# развод на деньги



## monster123

Hi. everyone.
Пытаюсь найти английский эквивалент "развод на деньги", " лохотрон", и т.д.
Нашёл один вариант, хотел бы услышать ваше мнение, насколько это натурально звучит.
Может быть есть более удачные варианты.
e.g.
*Это обычное жульничество, очередной развод на деньги.
This is a scam, another confidence trick.
*
How natural does the translation sound?
Maybe are there other options?


----------



## Enquiring Mind

Hi monster, your translation, out of context, is fine. But a "confidence trick" often tends to refer to one (trans)action, so it would help to know more about the nature of this развод на деньги (how it operates), and the full sentence in which the phrase occurs. I'm sure there are many more options, but we need to understand the meaning in the source language first.


----------



## Budspok

to shaft (to give the shaft) /to diddle


----------



## monster123

@Enquiring Mind
I think my example would be better in this way:
*This is a scam, another example of a confidence trick.*

"Развод на деньги" is sure  slang.
We usually use it when one attempts to defraud another person by selling a product or service at a much more expensive price than it really costs.
It often accompanied by bright advertising and presentations for convincing.


----------



## Enquiring Mind

Ok, so ..._ another con, another rip-off, another swindle, (all countable) 
this is daylight robbery_ ... (uncountable, so no article)


----------



## Q-cumber

Enquiring Mind said:


> Ok, so ..._ another con, another rip-off, another swindle, (all countable)
> this is daylight robbery_ ... (uncountable, so no article)

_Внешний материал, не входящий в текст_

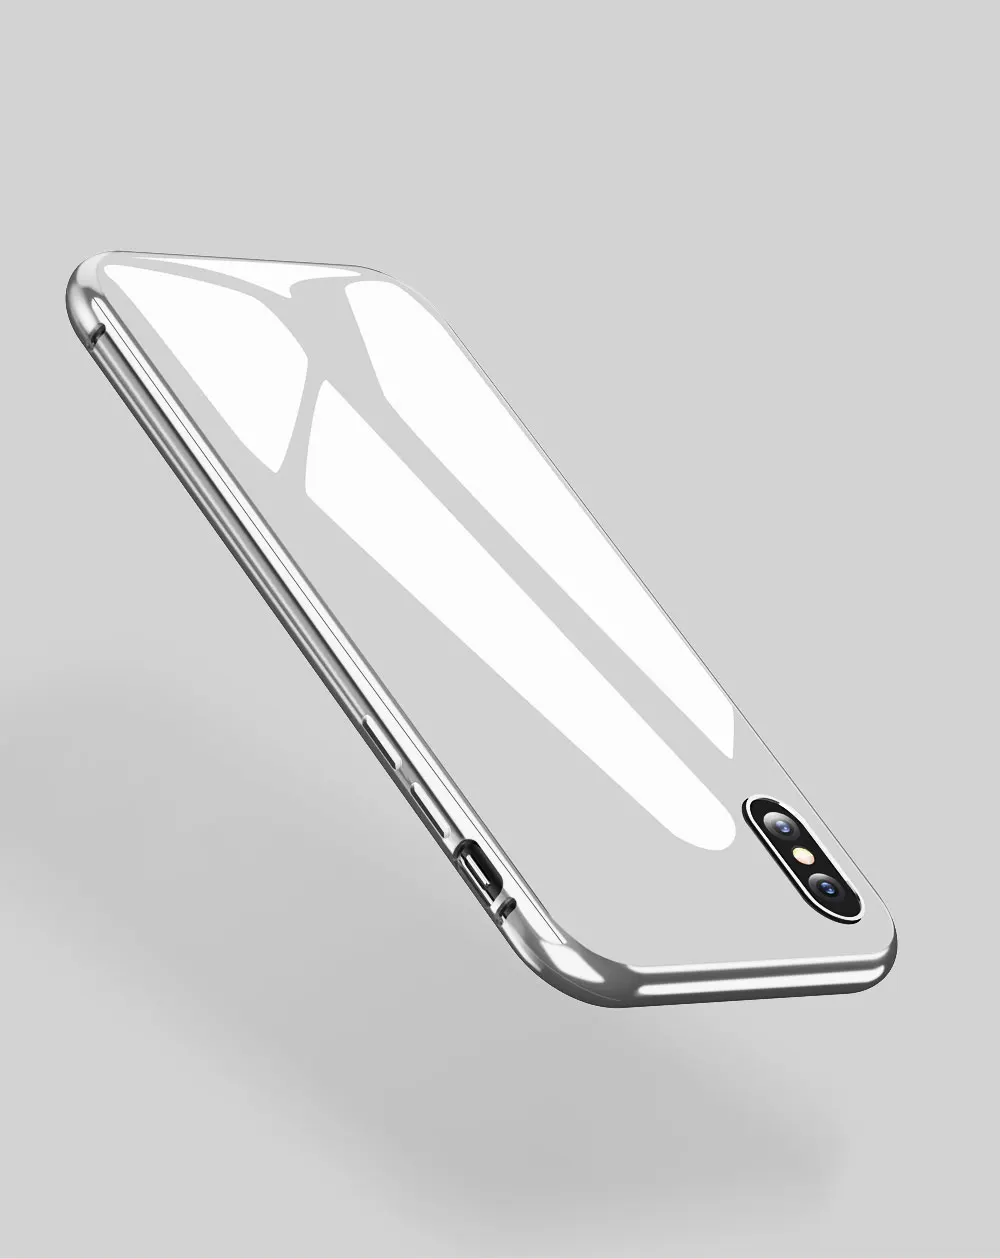 Essager ультра Магнитный адсорбционный чехол для iPhone X 8 7 6 6S Plus 360 градусов полный корпус магнит чехол закаленное стекло+ PC крышка

Yes, I think 'rip-off' is one of the best variants.


----------



## monster123

Thanks,
those are good expressions, but they seem to me  quite literary, or am I  wrong?
Maybe, something stronger?


----------



## Enquiring Mind

"Con" and "rip-off" are both marked 'informal' in the Longman dictionary. Definitely not literary. In examples I found for _развод на деньги, scam, con, _or_ rip-off _are the stylistic equivalents.



> _Развод для туристов_ - tourist scam / rip-off
> _Способы развода людей на деньги _- ways of scamming/conning people (for money)
> _"_Один из самых серьезных страхов, связанных с посещением стоматологии – страх «развода» на деньги."  ... the fear of being/getting ripped off. (assoldent.ru)
> "Классический развод на деньги иностранцев (...) На сайте знакомств или в соцсети размещается анкета очаровательной девушки..." - classic online dating scam .. (vseafery.ru)


----------



## monster123

Thanks,
got it.


----------



## Q-cumber

Enquiring Mind said:


> "Con" and "rip-off" are both marked 'informal' in the Longman dictionary. Definitely not literary. In examples I found for _развод на деньги, scam, con, _or_ rip-off _are the stylistic equivalents.


Basically "развод на деньги " doesn't mean scam. It means that something isn't worth the money you pay for it...
Imagine you approached a fancy looking moving tent zoo. You pay 15 pounds for the ticket, enter the tent and only see a lonely donkey and a couple of rabbits inside.  You sigh and say: "-Это чистый развод на деньги...".  Formally an owner of the zoo isn't a con artist. He really got a zoo in his tent. But he doesn't care about making your visit interesting. If he can't afford any more animals, he could at least hang some photos on the walls or so. But he only wants your money.


----------



## Enquiring Mind

Sure, but "scam" is also routinely used in English for overcharging or ripping people off.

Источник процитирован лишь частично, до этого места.